The cfgmgr command will report errors for the FC adapter.


# cfgmgr

Method error (/usr/lib/methods/cfgefscsi -l fscsi1 ):

0514-061 Cannot find a child device.

Method error (/usr/lib/methods/cfgstorfworkcom -l sfwcomm1 ):

0514-040 Error initializing a device into the kernel.
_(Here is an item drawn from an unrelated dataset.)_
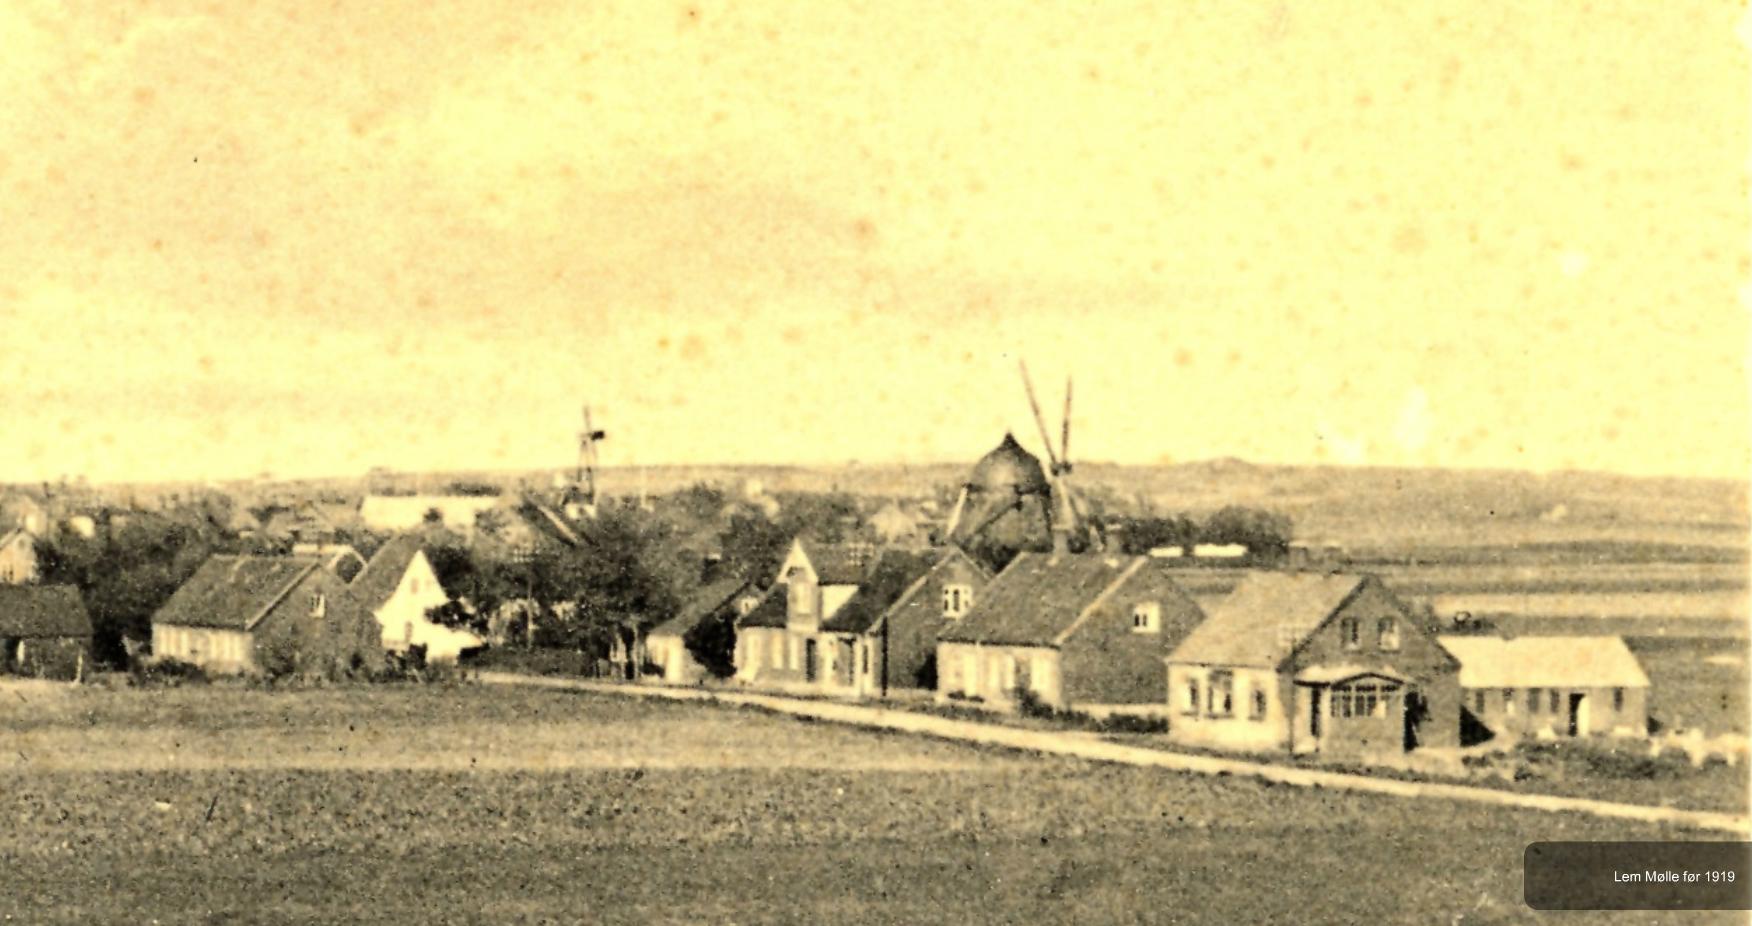 Lem Mølle før 1919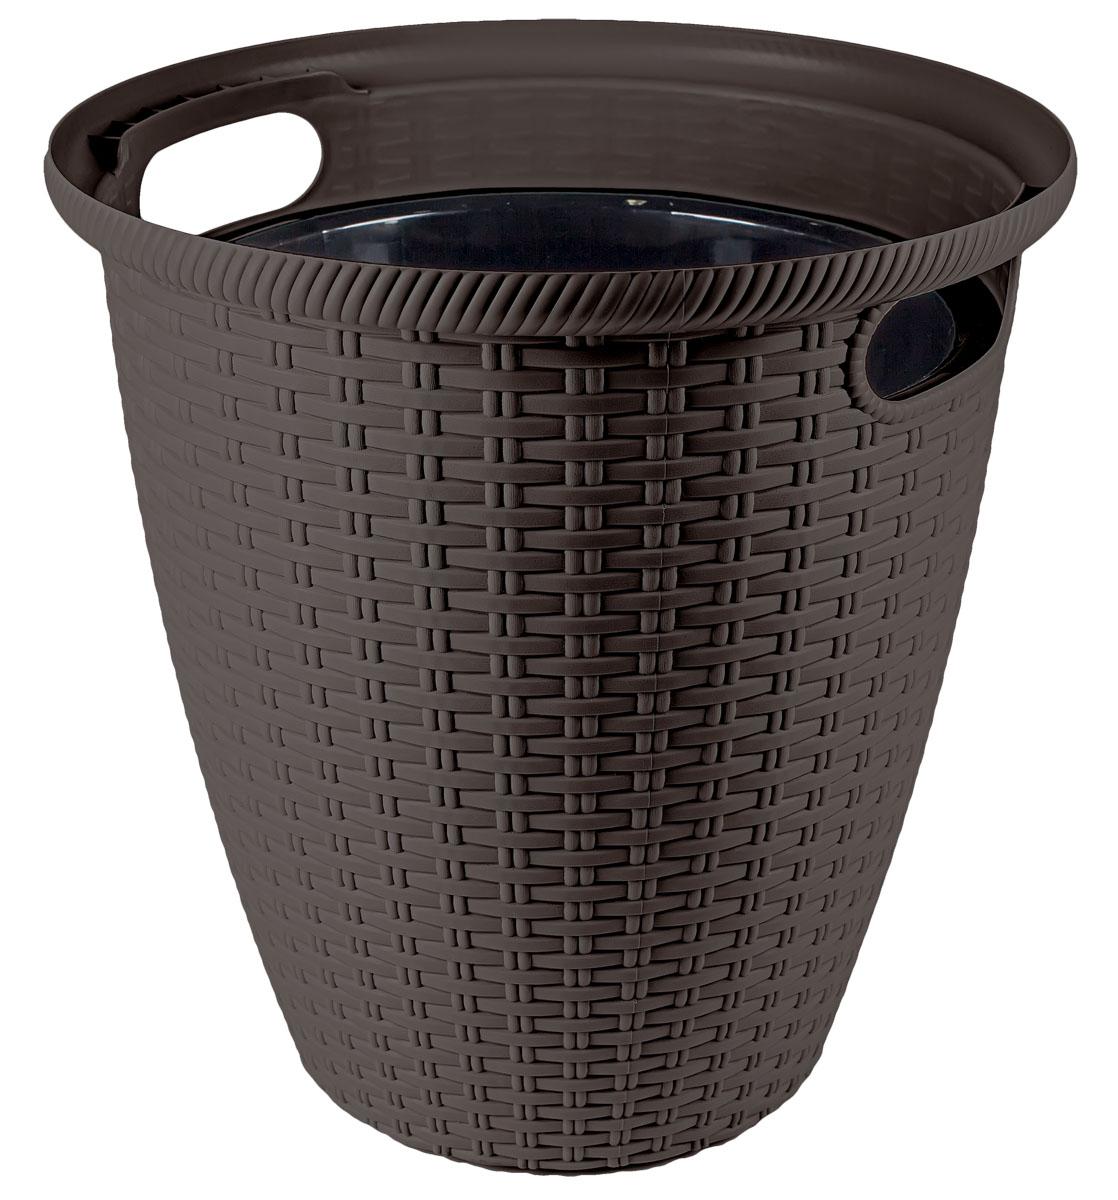 Кашпо InGreen Ротанг, напольное, цвет: венге, диаметр 32,8 см4612754052110Кашпо InGreen Ротанг изготовлено из высококачественного пластика с плетеной текстурой. Такое кашпо прекрасно подойдет для выращивания растений и цветов в домашних условиях. Лаконичный дизайн впишется в интерьер любого помещения. Размер кашпо: 32,8 х 32,8 х 33 см.

Errors, similar to the following, may appear in the AIX error report.

# errpt errpt | grep fcs

0E0C5B31 0726123812 U S fcs1 Undefined error

8C9E9221 0726123812 I S fcs1 Informational message

Youll observe messages in the error report that claim a request from the client was rejected by the VIOS.

...

Request was rejected by VIOS

Response was rejected by the client

...

# errpt -aN fcs1

---------------------------------------------------------------------------

LABEL: VFC_ERR8

IDENTIFIER: 0E0C5B31

Date/Time: Thu Jul 26 12:38:29 EETDT 2012

Sequence Number: 1040

Machine Id: 00C123C64C00

Node Id: aixlpar1

Class: S

Type: UNKN

WPAR: Global

Resource Name: fcs1

Description

Undefined error

Probable Causes

PROCESSOR

Failure Causes

PROCESSOR

Recommended Actions

PERFORM PROBLEM DETERMINATION PROCEDURES

Detail Data

Error Location

0000 00E0

Error Type

00

RC

FFFF FFFF FFFF FFFF

VIO Server Partition Name

vio2

Physical Adapter Instance Name

vfchost50

Physical Adapter Location Code

U5873.001.8SS0071-P2-C6-T1

Physical Adapter DRC Name

U9119.FHB.87654C6-V7-C1100

Adapter N Port ID

0000 0000 0000 0000

Adapter State

0000 FFFF

Additional Information

0000 0000 0000 0000 0000 0000 0000 0000 0000 0000 0000 0000 0000 0000 0000 0000

0000 0000 0000 0000 0000 0000 0000 0000 0000 0000 0000 0000 0000 0000 0000 0000

0000 0000 0000 0000 0000 0000 0000 0000 0000 0000 0000 0000 0000 0000 0000 0000

0000 0000 0000 0000 0000 0000 0000 0000 0000 0000 0000 0000 0000 0000 0000 0000

---------------------------------------------------------------------------

LABEL: VFC_ERR7

IDENTIFIER: 8C9E9221

Date/Time: Thu Jul 26 12:38:29 EETDT 2012

Sequence Number: 1039

Machine Id: 00C123C64C00

Node Id: aixlpar1

Class: S

Type: INFO

WPAR: Global

Resource Name: fcs1

Description

Informational message

Probable Causes

Request was rejected by VIOS

Response was rejected by the client

Failure Causes

PROCESSOR

Recommended Actions

PERFORM PROBLEM DETERMINATION PROCEDURES

Detail Data

Error Location

0000 0088

Error Type

00

RC

0000 0000 0010 0000

VIO Server Partition Name

vio2

Physical Adapter Instance Name

vfchost50

Physical Adapter Location Code

U5873.001.8SS0071-P2-C6-T1

Physical Adapter DRC Name

U9119.FHB.87654C6-V7-C1100

Adapter N Port ID

0000 0000 0000 0000

Adapter State

0000 0004

If you encounter this problem, restore the clients FC adapter attributes to their previous values before restarting the system. If you dont, then your LPAR may no longer boot and may hang on LED 554. Change your VIOS first then update your VIO clients.